- WHAT NEEDS TO BE DONE -
Line by line, set down all the data below exactly, omitting any picture.

[INFORMATION SUPPLIED]

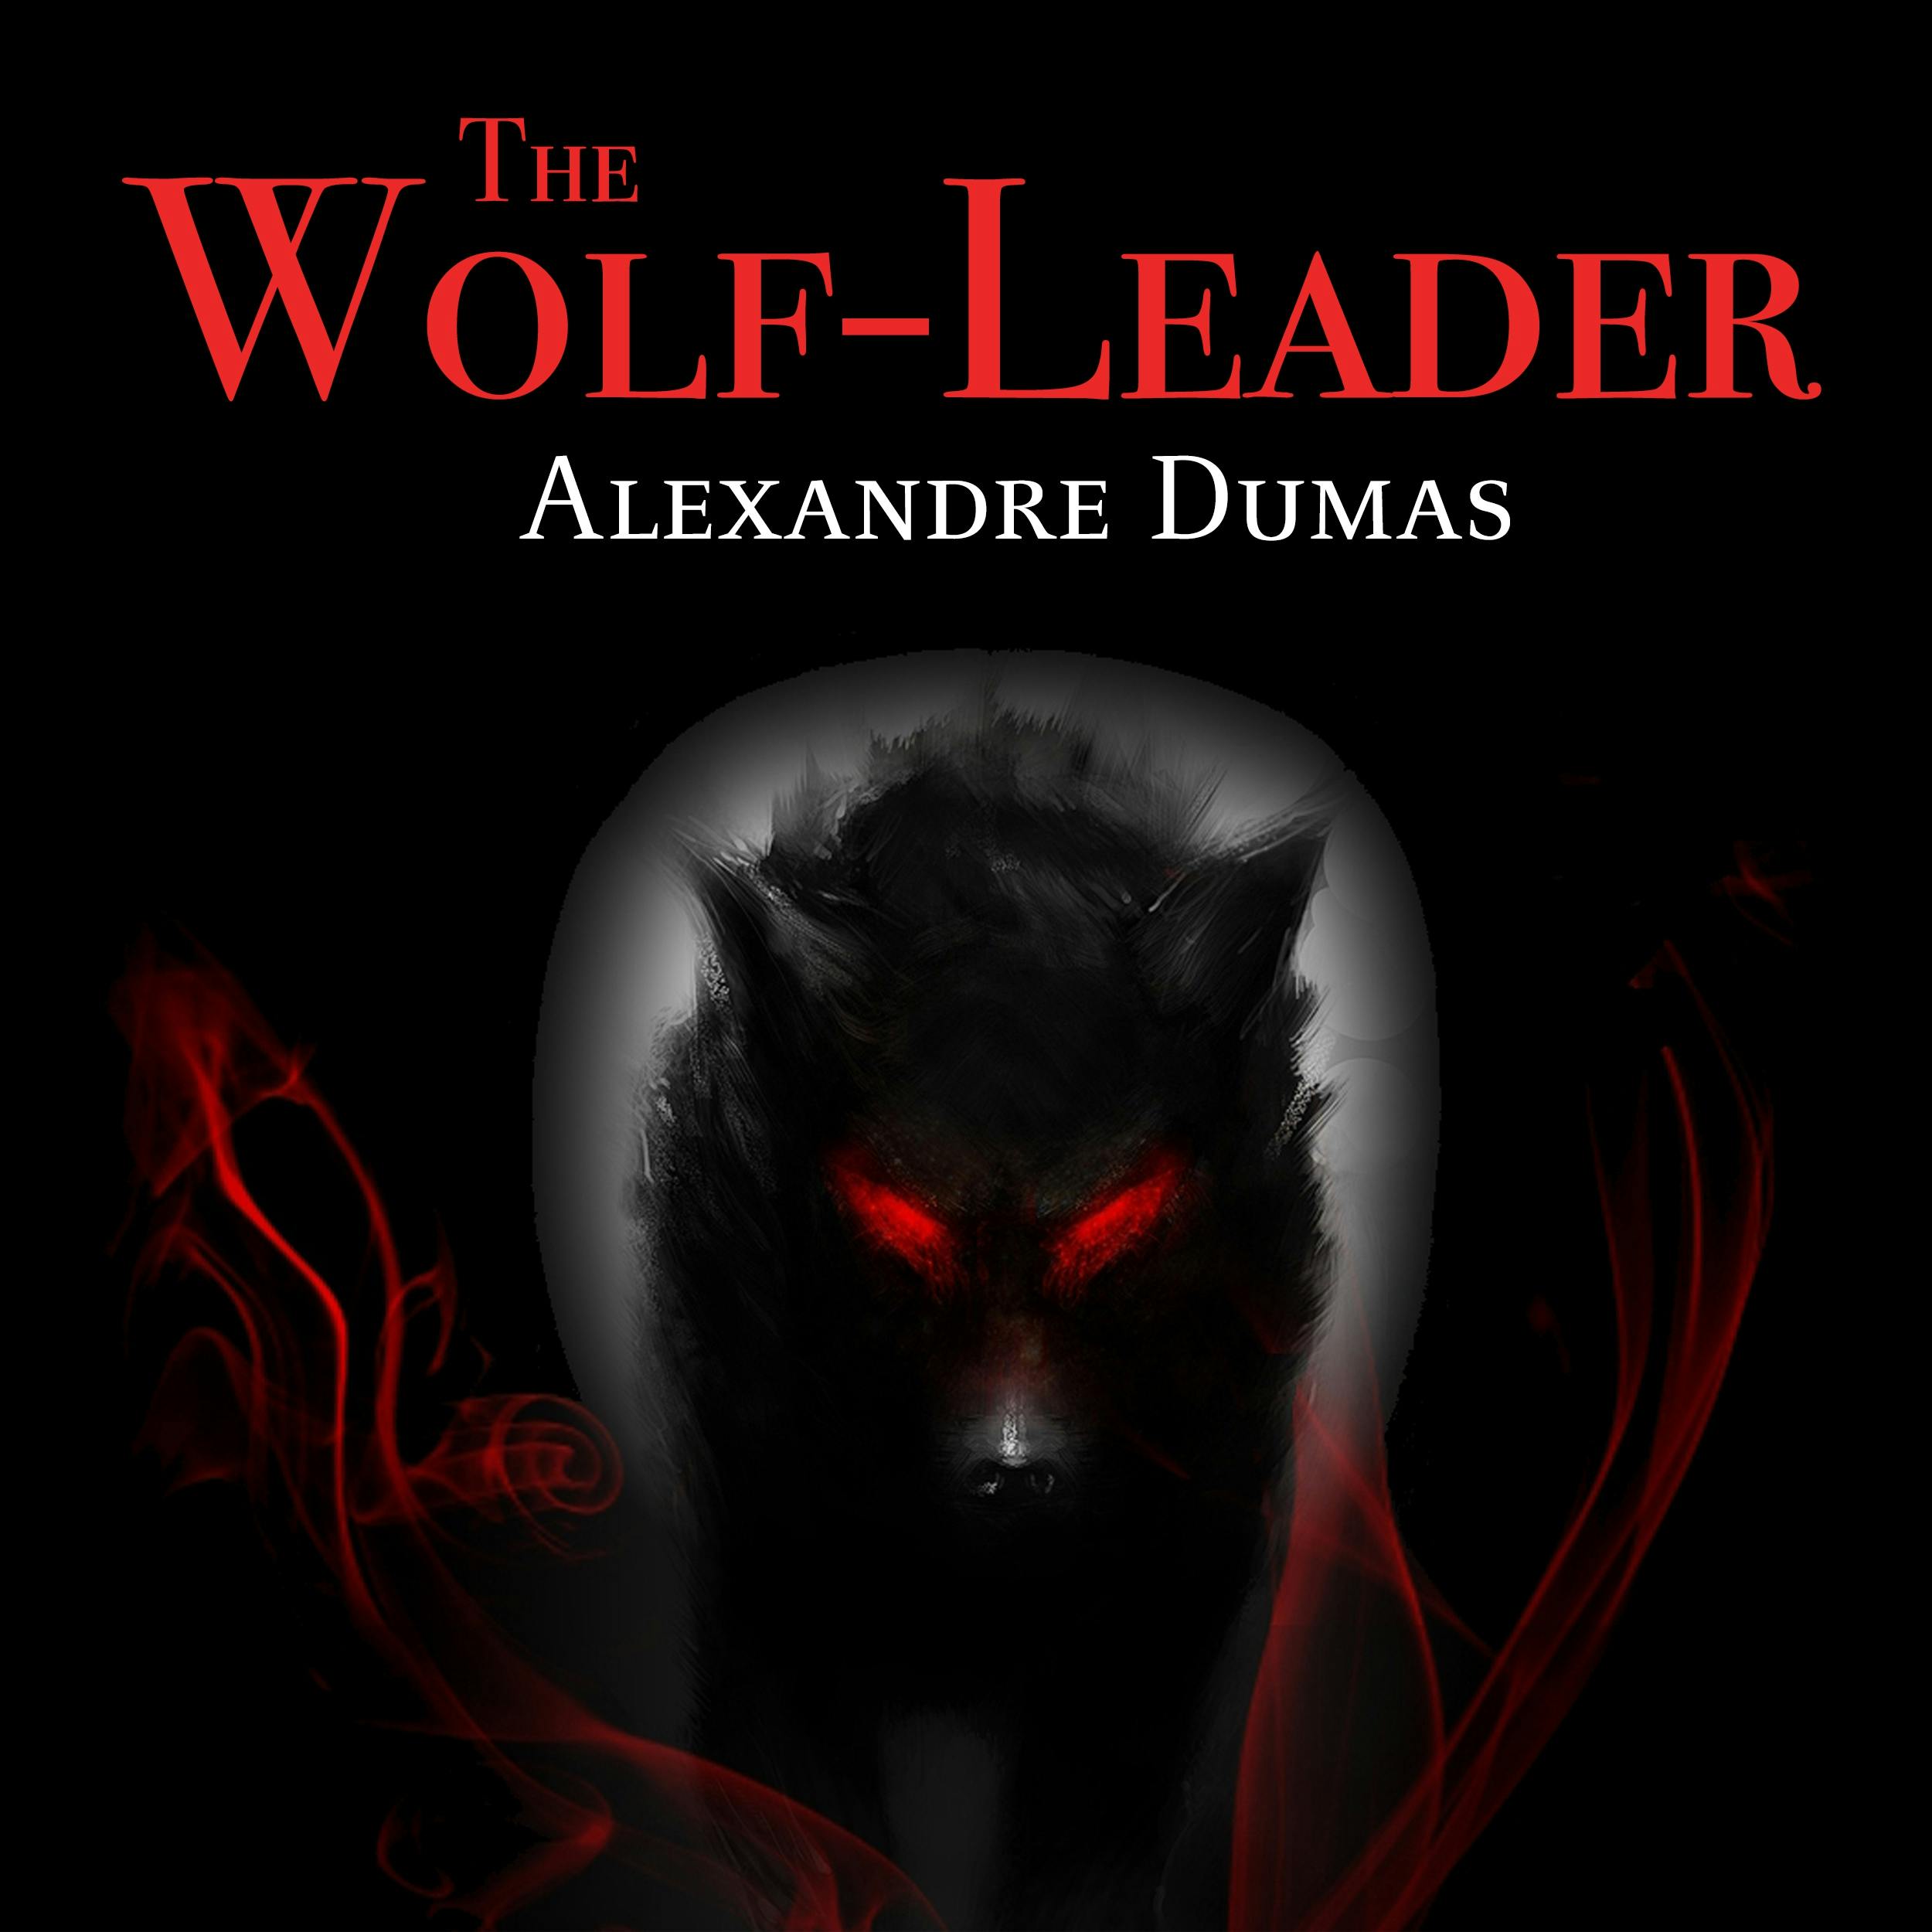 The Wolf-Leader - Alexandre Dumas
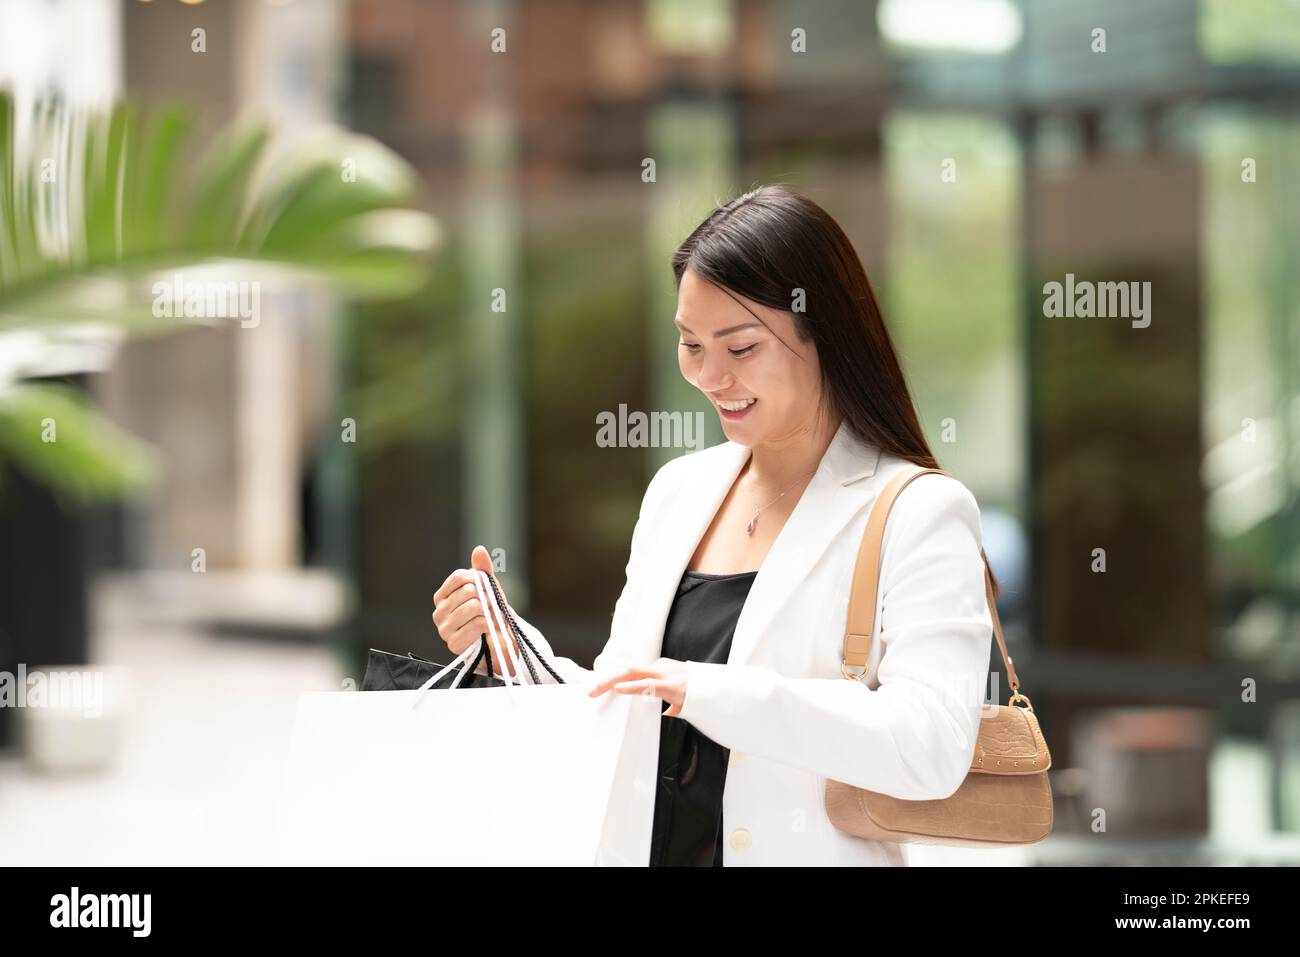 Eine Frau, die beim Einkaufen in eine Einkaufstasche guckt und ein Lächeln im Gesicht hat Stockfoto
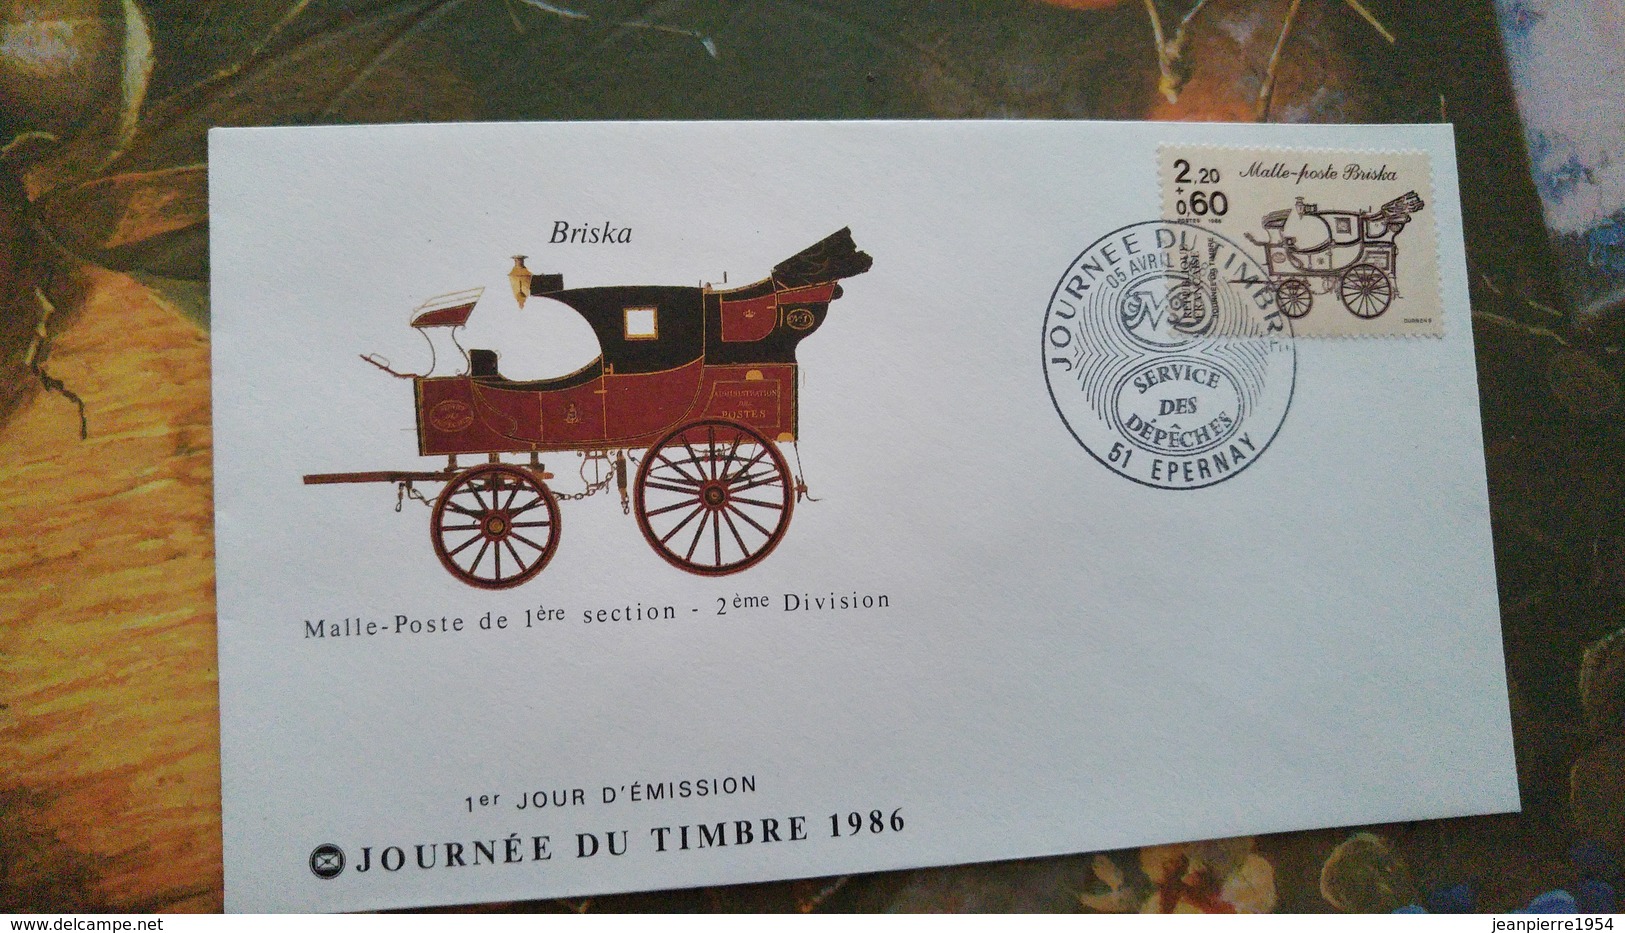 timbres francais

[/INFORMATION SUPPLIED]

- THE ANSWER -
 The Wolf-Leader - Alexandre Dumas
 Eine Frau, die beim Einkaufen in eine Einkaufstasche guckt und ein Lächeln im Gesicht hat Stockfoto
 timbres francais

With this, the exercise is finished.